Jones was a member of the Cherokee High School girls basketball team from 1965-69. She was a two-time all-state selection, three-time all-region player and earned a varsity letter in each of her four seasons. Jones contributed to state championship teams in her final three seasons and was the team’s most valuable player as a senior.

Then, she walked away from basketball.

Jones was offered a partial scholarship to play at Nashville Business College — before the days of women’s basketball in the NCAA — but she declined.

“I don’t know why I decided not to take it,” said Jones, who said she now regrets the decision. “That was the main thing I did, was play basketball.”

Jones, who once scored 48 points in a game, will be inducted into the Cherokee County Sports Hall of Fame tonight as a member of its class of 2013.

“I never really thought I would make it to the hall of fame, because not everybody can,” she said. “But it’s certainly something to be proud of.”

When Jones graduated from high school and left basketball behind, she took a job at Western Electric, which later became AT&T and finally Lucent Technologies. She retired from the company in 2001 and took a position with Verizon.

Jones now lives in Duluth with her husband, Don, although the pair has considered moving back to Cherokee County. She has two children, a step-daughter and six grandchildren, one of which she is now raising.

However, none of them have followed in Jones’ basketball shoes.

“I would give anything if they would,” she said. “My husband and I are both very athletic. We have played softball together and I play tennis.”

Jones hasn’t made it back to Cherokee for a basketball game since she graduated, but she would like to change that. Some of her cousins have children or grandchildren in the area, and she would like to see them continue the family tradition of success.

As a sixth-grader, Jones wanted to go out for the cheerleading squad, but after a conversation with her father, she pursued basketball instead.

“I wanted to be a cheerleader, and my dad said, ‘You are too tall to be a cheerleader. You should play basketball,’” she said. “So he was the one that directed me toward basketball.”

The daughter of two textile mill workers, Jones played basketball whenever she had free time.

“Basketball was kind of my life,” she said. “I ate, slept and breathed basketball, even when it was off-season.
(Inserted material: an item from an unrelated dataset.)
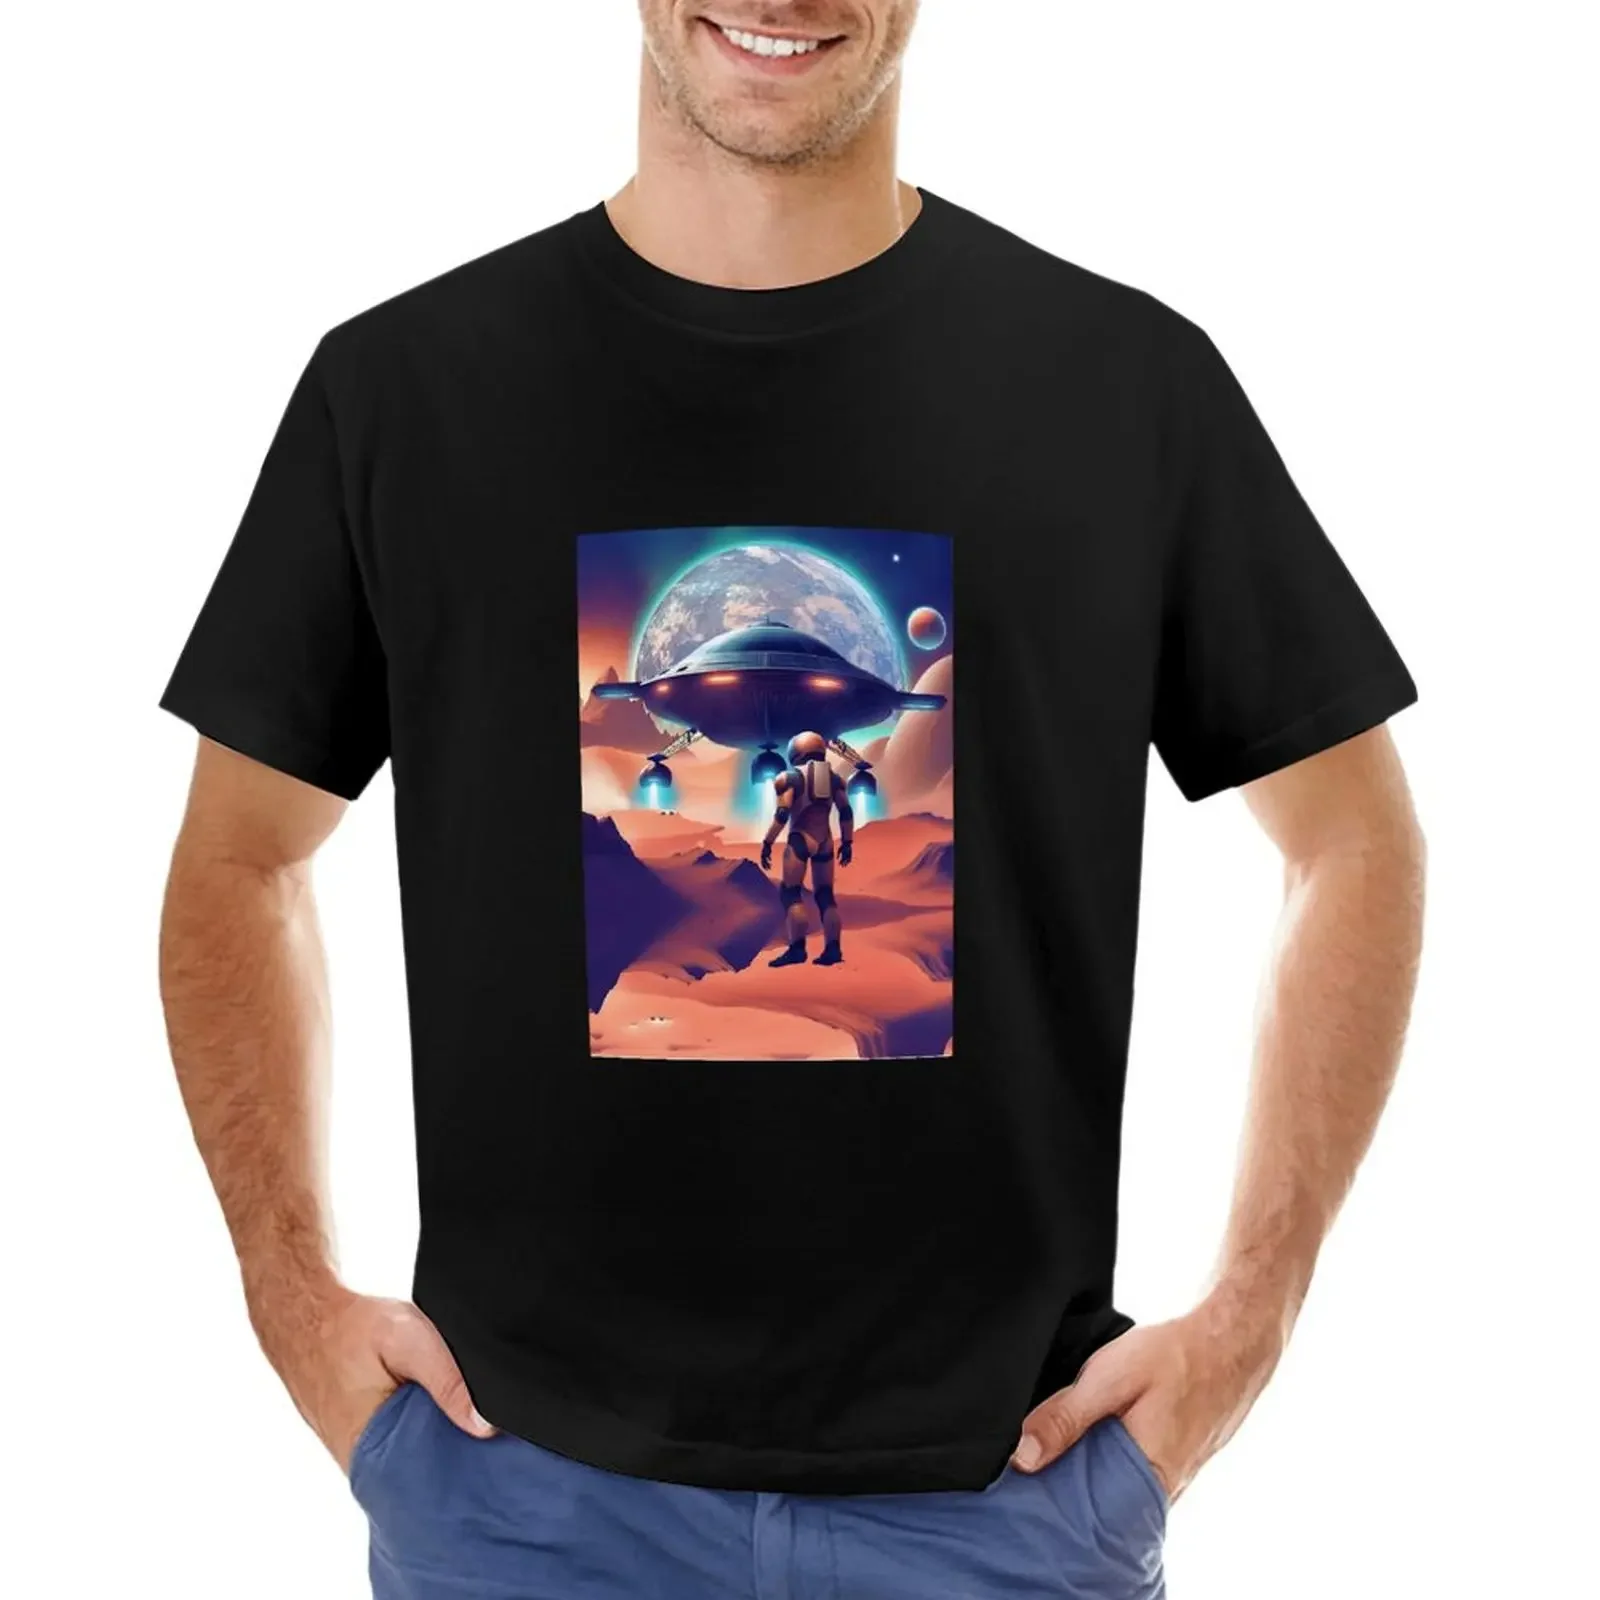 

Футболка Humanoid с надписью «Ожидание корабля в земле», летний топ, выдержанная простая летняя одежда, футболки для мужчин, хлопок

I lived in the village and there was a basketball goal near my house and I would go there and shoot, even during the offseason.”

At the time, Cherokee was the only high school in the county. Jones was proud to be apart of the team.
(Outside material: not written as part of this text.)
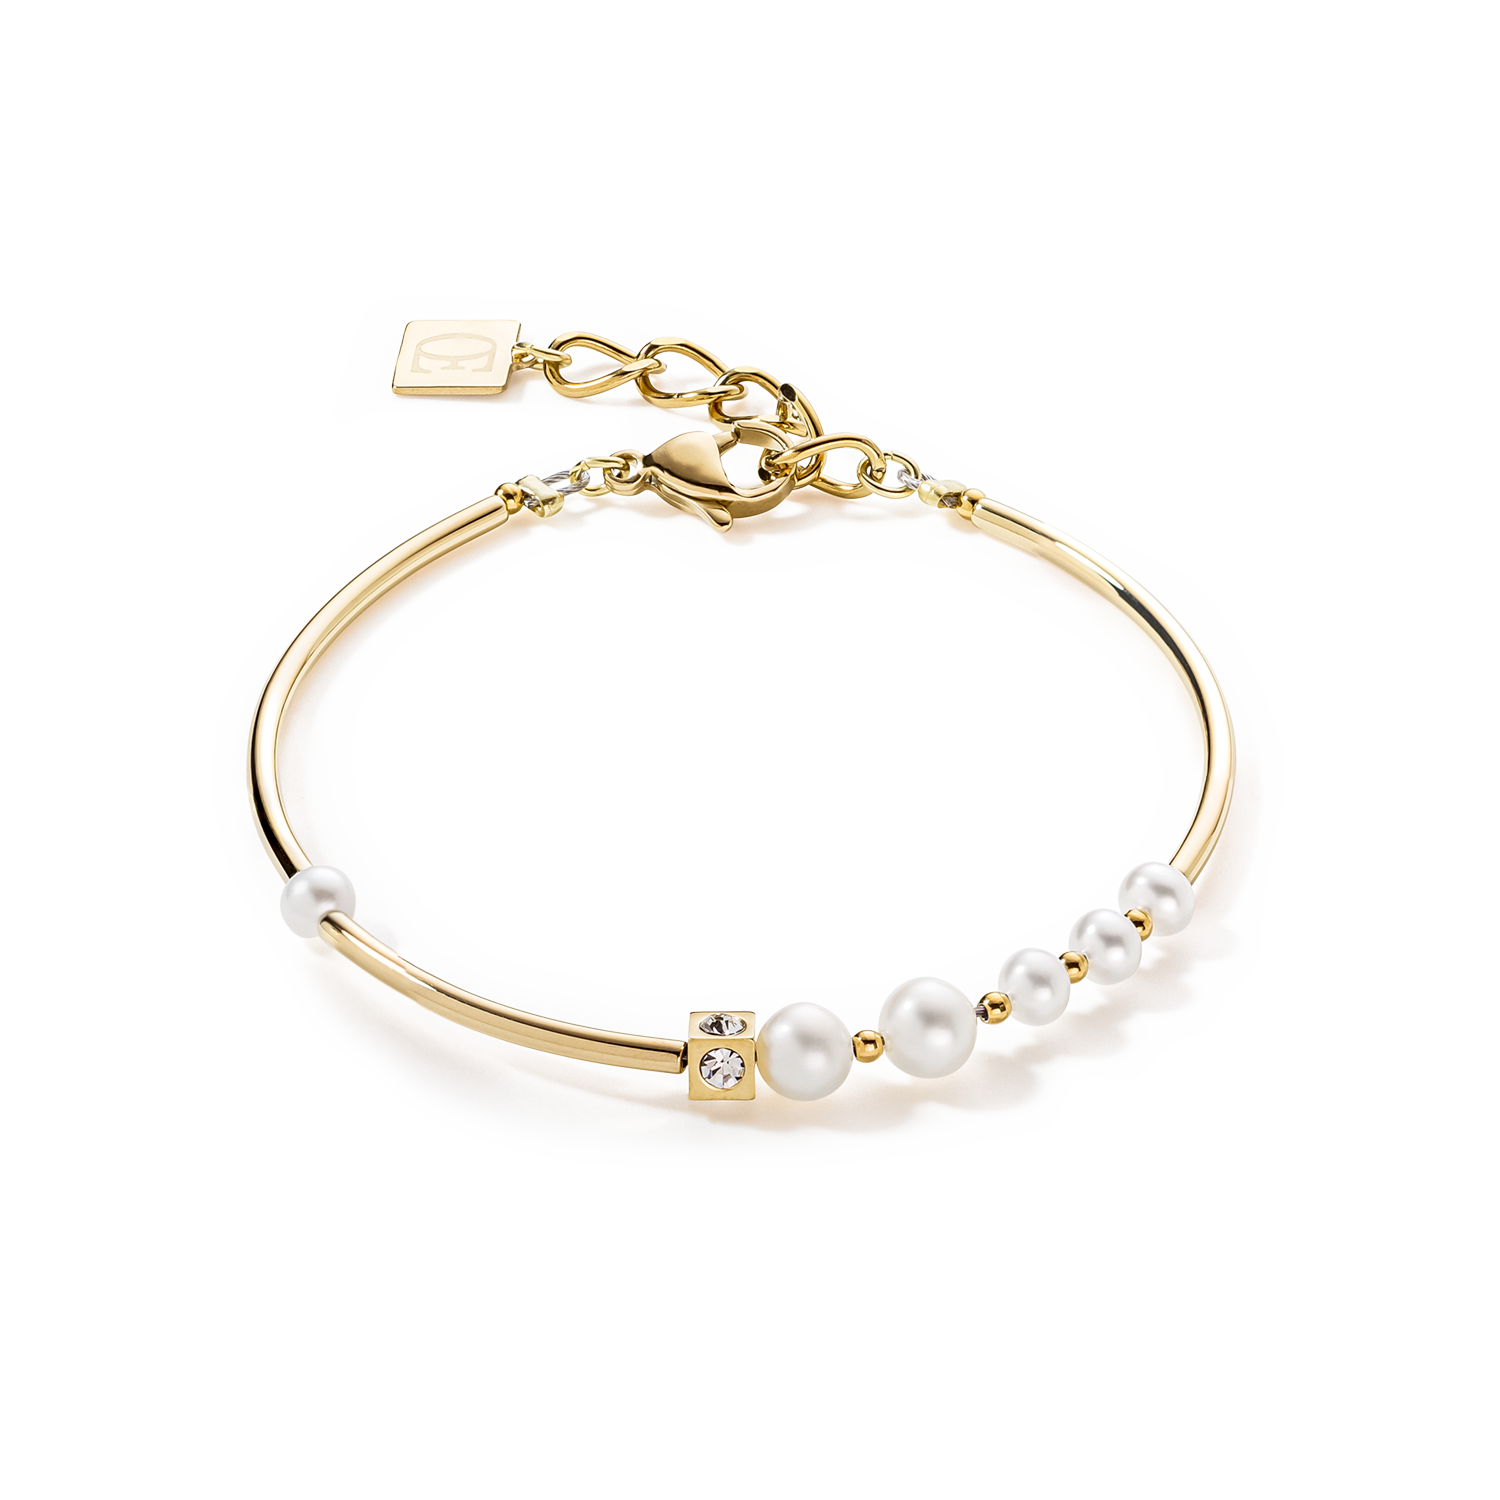 Bracelet Asymmetry Freshwater Pearls & stainless steel white-gold ...

“Girls basketball in Cherokee County was really big for us because the girls basketball team was noted for winning the region at least,” she said. “Everybody expected us to win.”

While one of the reasons Jones said she enjoyed basketball was the camaraderie, she said she hasn’t kept in touch with many of the other players. It’s for that reason that she’s happy that the Cherokee County Sports Hall of Fame will also be recognizing the Lady Warriors’ state championship teams from 1967, ’68 and ’69.

“I’m hoping that, since they are doing the whole team thing, I will get to see some of them because I would love to see them all again,” Jones said.